Try it
Print all of the data below exactly as it appears, leaving out every image.

Stored data
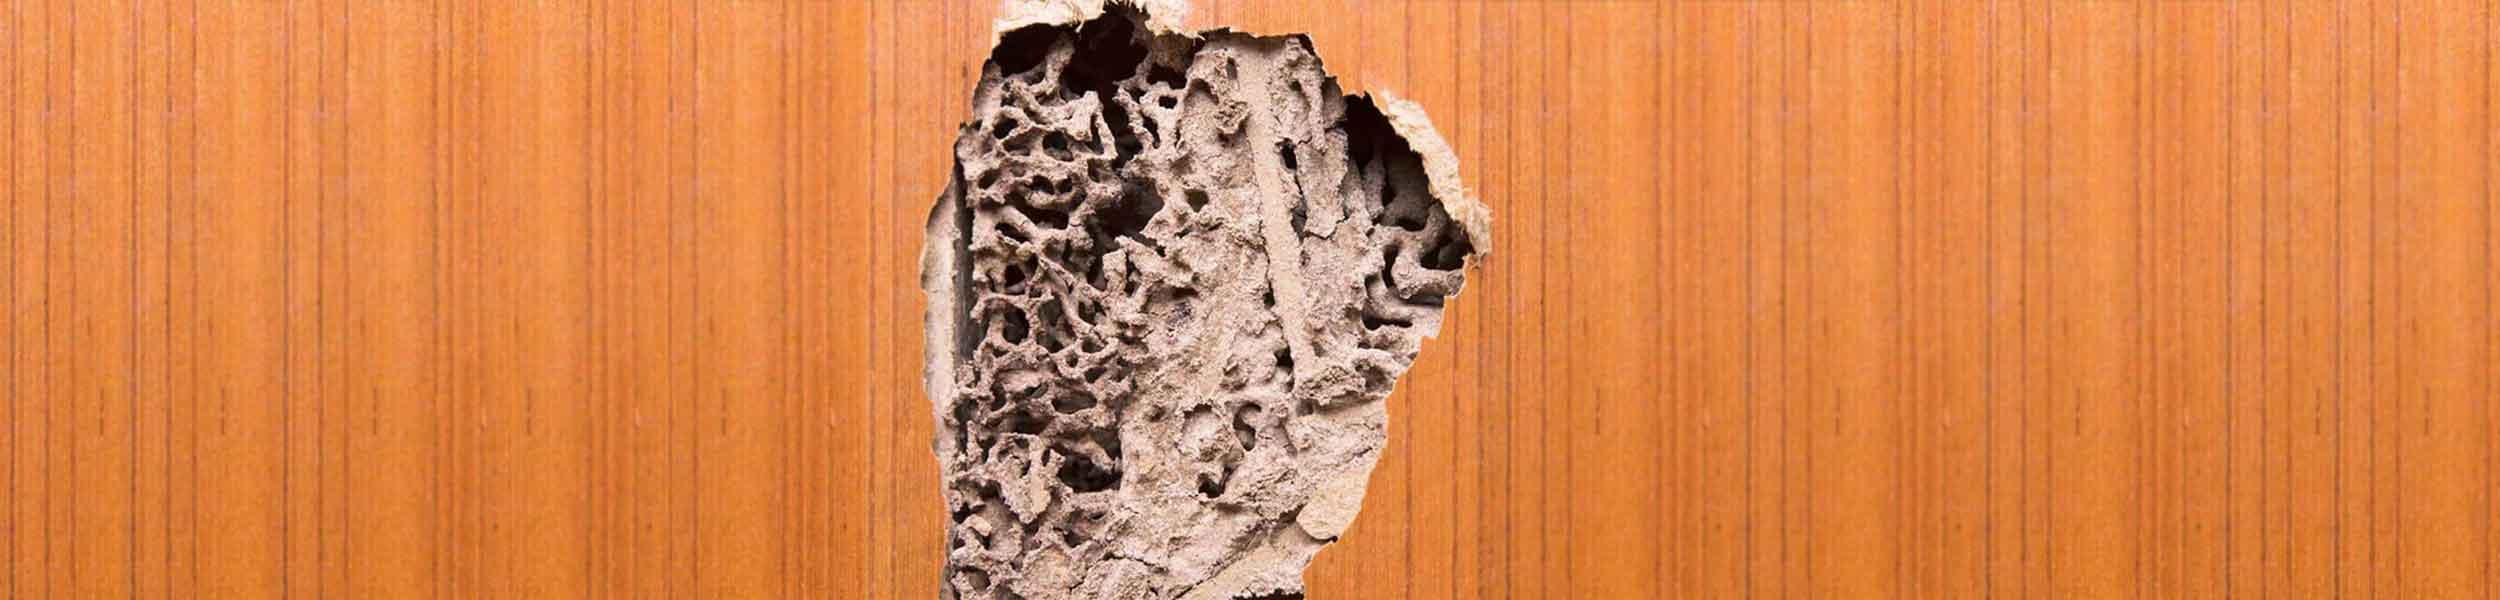 ACE Exterminating Pest Control - Termite Infestation Damage - Slider
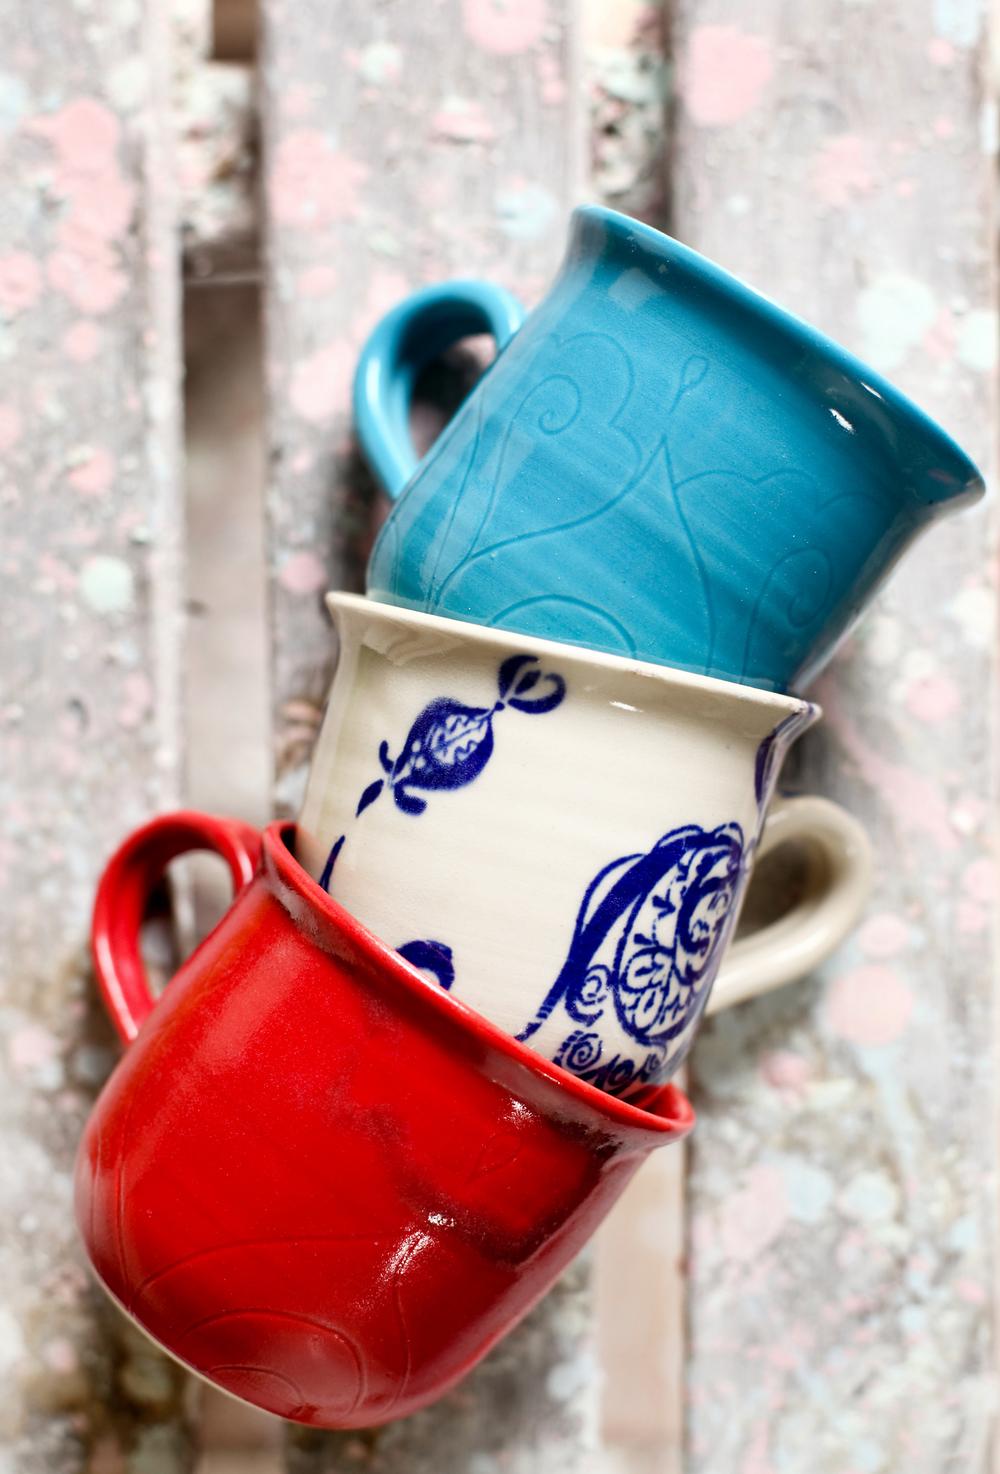 Medium Cups_061_LR.JPG
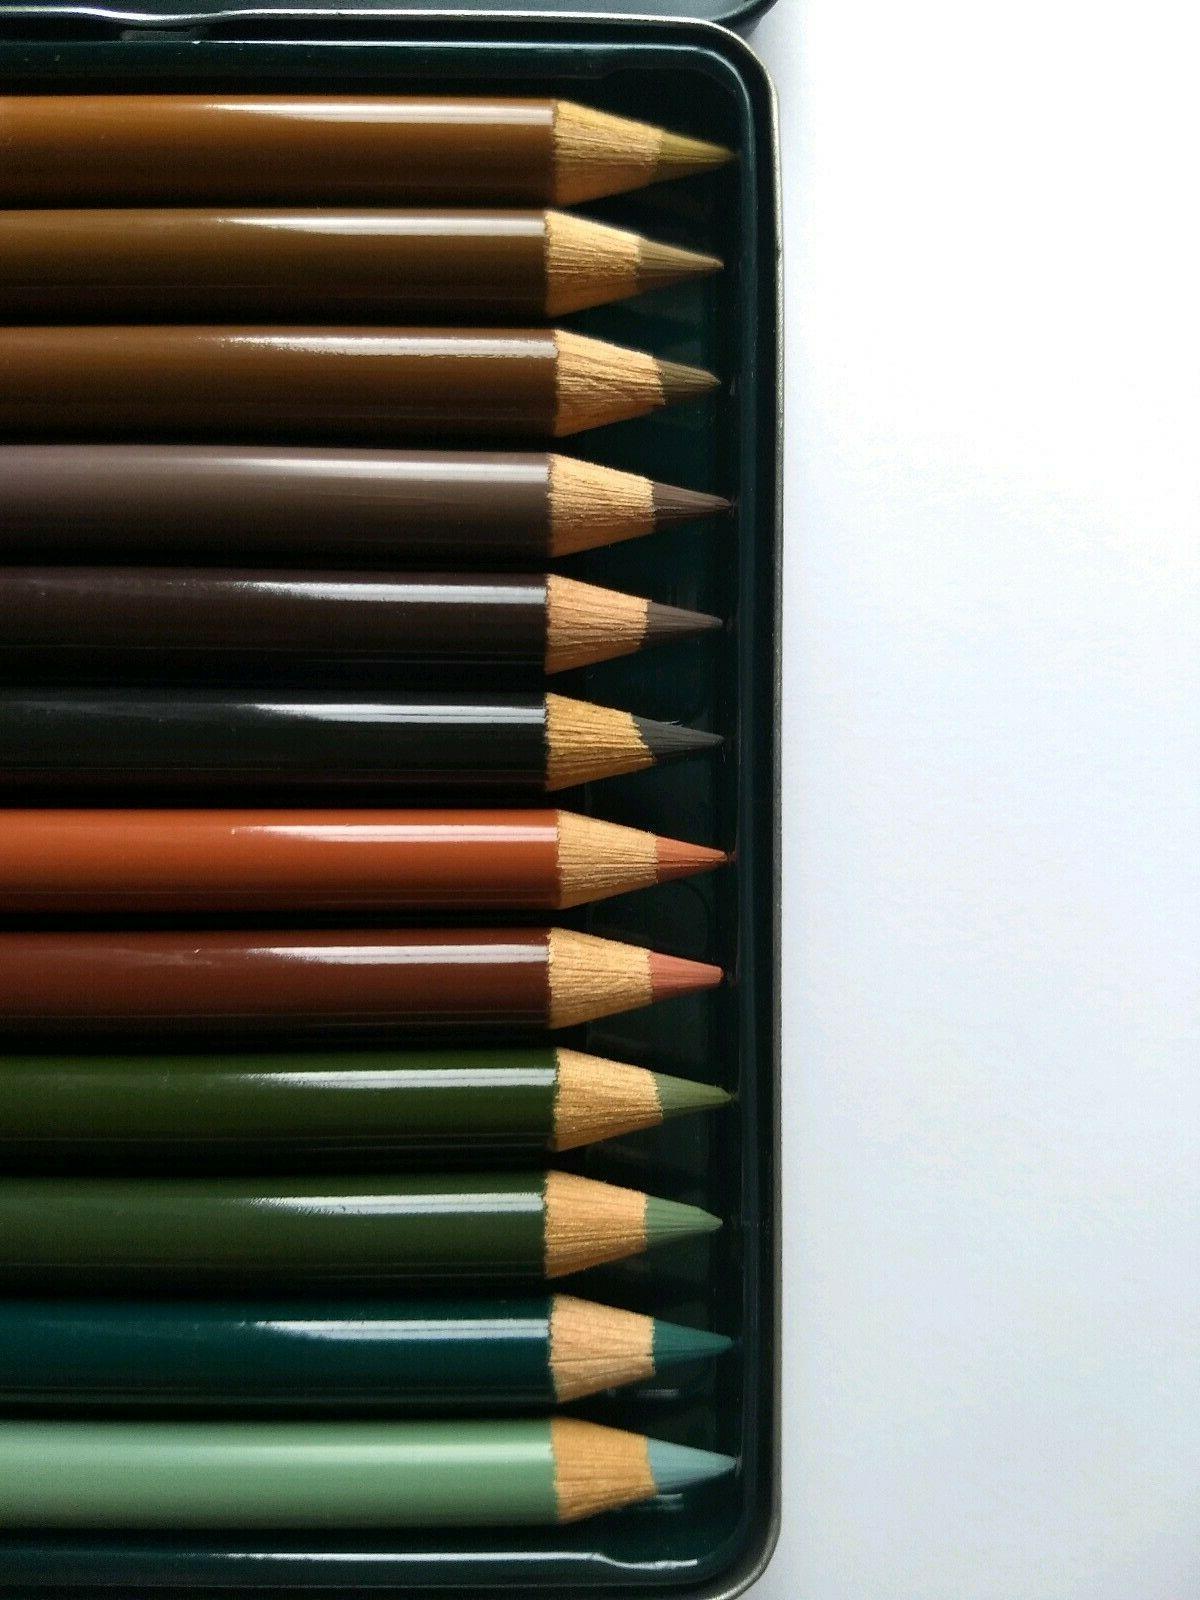 Faber Castell 12 Artist Color Pencils - Nature NOS

Exercise output
 ACE Exterminating Pest Control - Termite Infestation Damage - Slider
 Medium Cups_061_LR.JPG
 Faber Castell 12 Artist Color Pencils - Nature NOS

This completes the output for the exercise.